Salah satu dimensi dari analisis wacana Van Dijk adalah analisis sosial. Menurut Van Dijk, wacana merupakan bagian dari masyarakat yang berkembang dalam masyarakat, sehingga dengan meneliti teks perlu dilakukan analisis intertekstual dengan meneliti bagaianaman wacana tentang suatu hal diproduksi dan dikonstruksi dalam masyarakat. Titik penting dari analisis ini adalah untuk

menunjukkan bagaimana makna yang dihayati bersama, kekusaaan sosial diproduksi lewat praktik diskursus dan legitimasi.

Dalam analisis mengenai masyarakat ini, ada dua poin yang penting yaitu kekusaan (power) dan akses (acces). Van Dijk mendefinisikan kekuasaan tersebut sebagai kepemilikan yang dimiliki suatu kelompok (atau anggotanya), satu kelompok untuk mengontrol kelompok (atau anggota) dari kelompok lain. Selain berupa kontrol yang bersifat langsung dan fisik, kekusaan yang dipahami oleh Van Dijk juga berbentuk persuasif, yaitu tindakan seseorang untuk secara tidak langsung mengontrol dengan jalan memengaruhi kondisi mental, seperti kepercayaan, sikap dan pengetahuan.

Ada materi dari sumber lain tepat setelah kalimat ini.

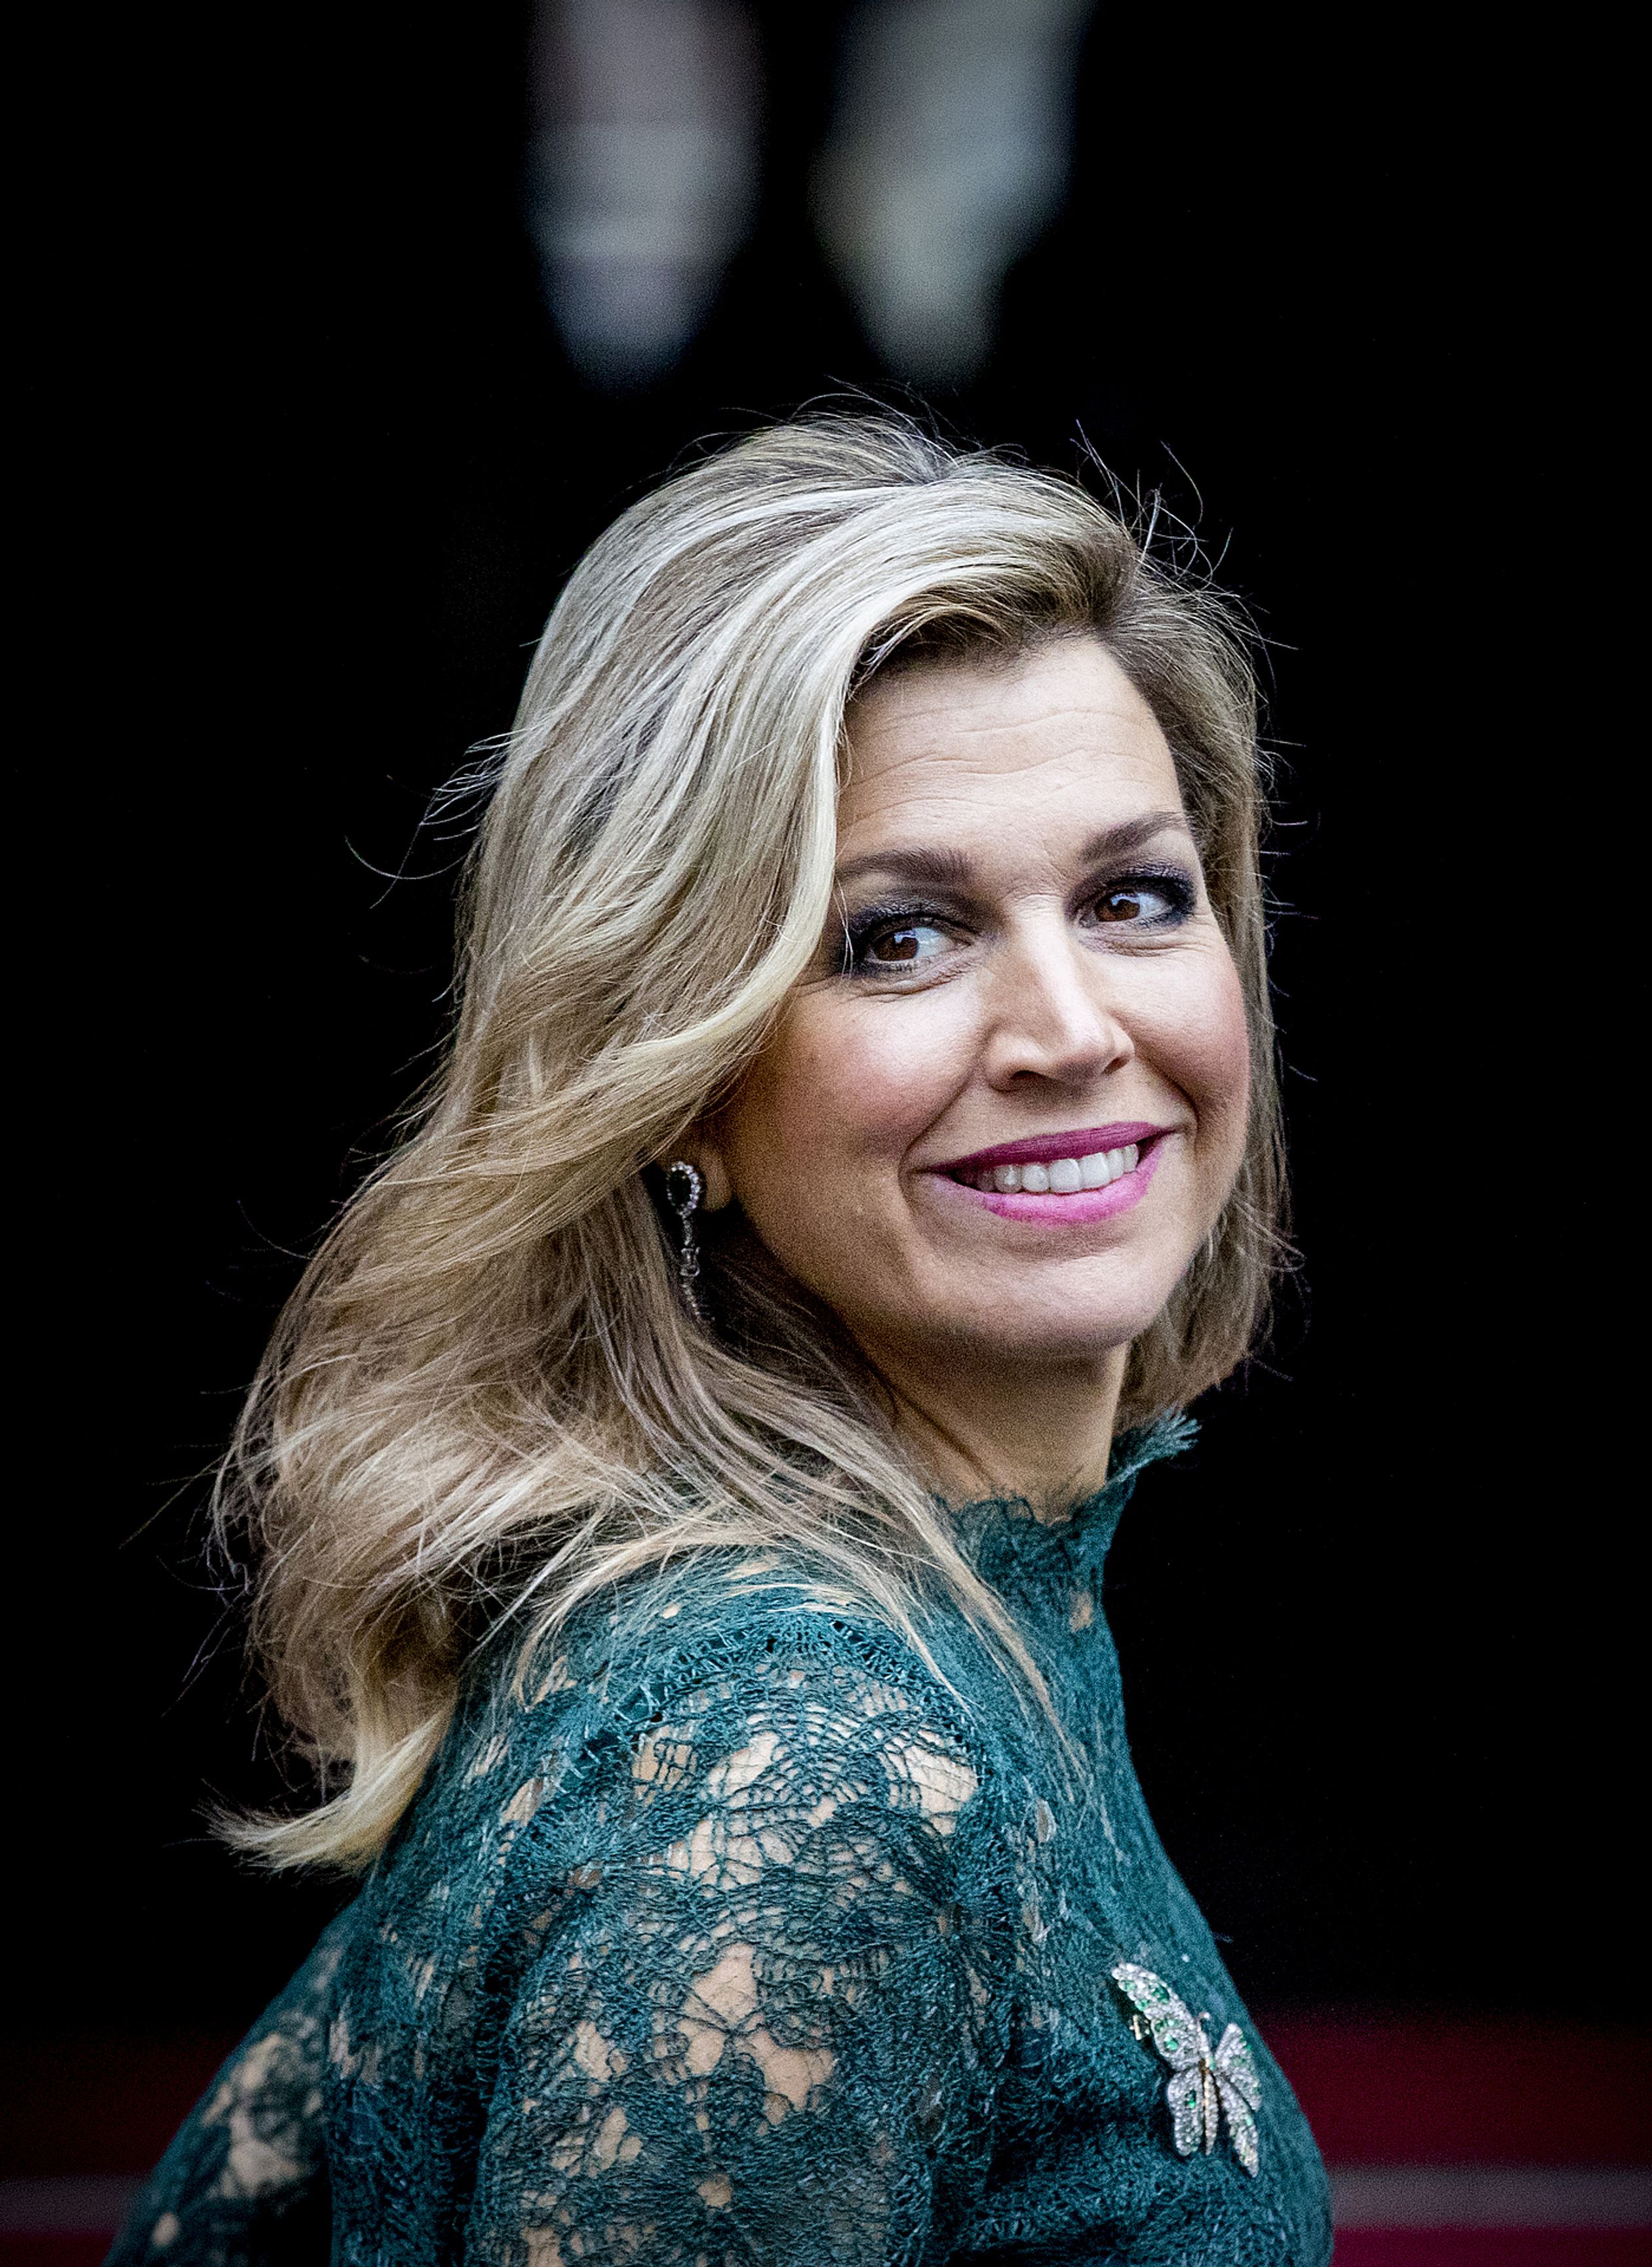 Máxima draagt dezelfde groene jurk bij de uitreiking van de Prins Claus Prijs in 2017.
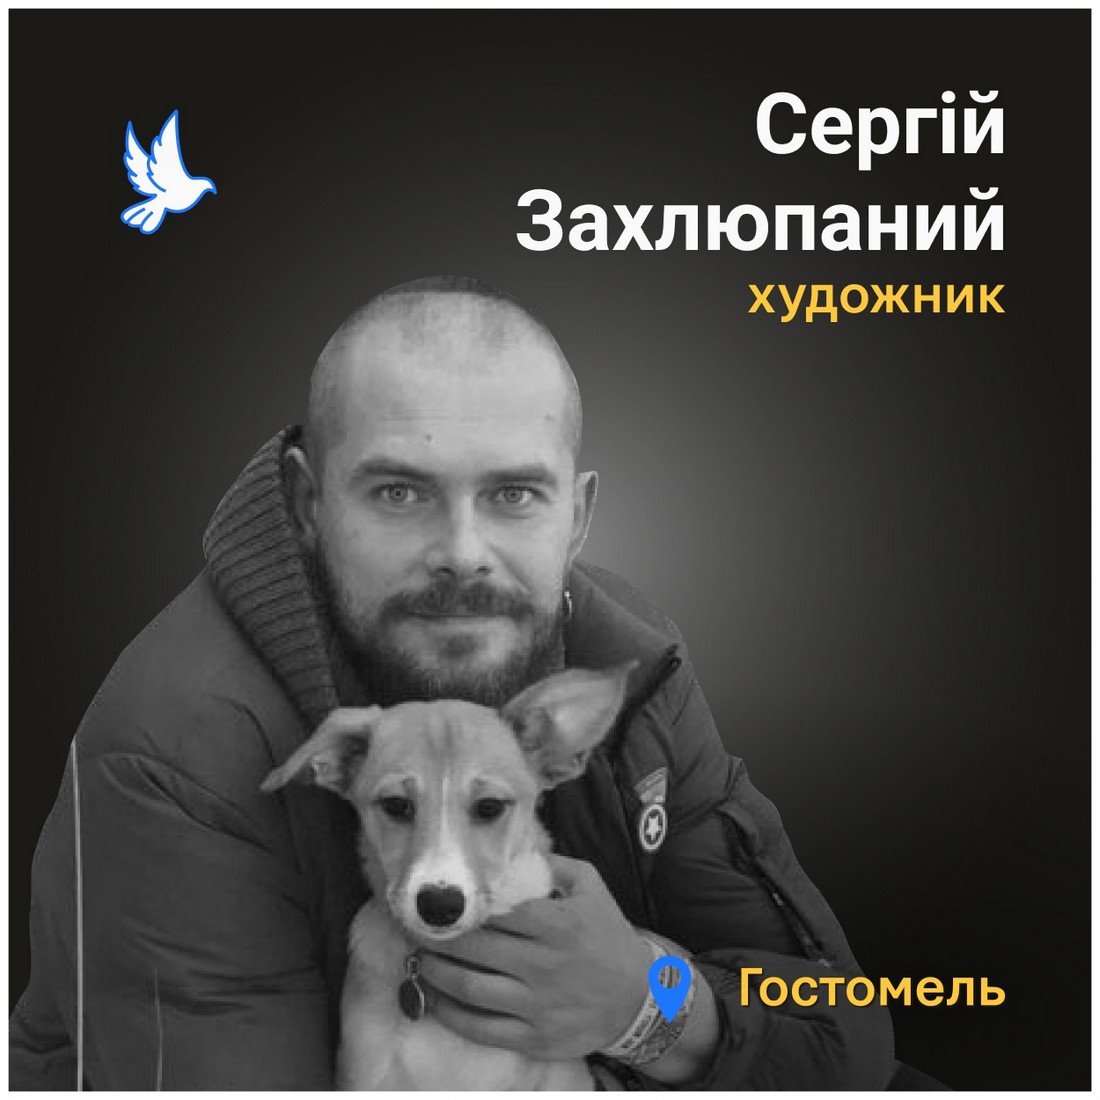 Меморіал: вбиті росією. Сергій Захлюпаний, 38 років, Гостомель, березень

Van Dijk juga memberikan perhatian kepada akses, yaitu bagaimana akses diantara kelompok dalam masyarakat. Kelompok elit mempunyai akses yang lebih besar dibandingkan dengan kelompok yang tidak berkuasa. Oleh karena itu mereka yang berkuasa mempunyai kesempatan lebih besar untuk mempengaruhi kesadaran khalayak. Akses yang lebih besar bukan hanya memberikan kesemaptan untuk mengontrol kesadaran khalayak lebih besar tetapi juga menentukan wacana apa yang dapat disebarkan kepada khalayak.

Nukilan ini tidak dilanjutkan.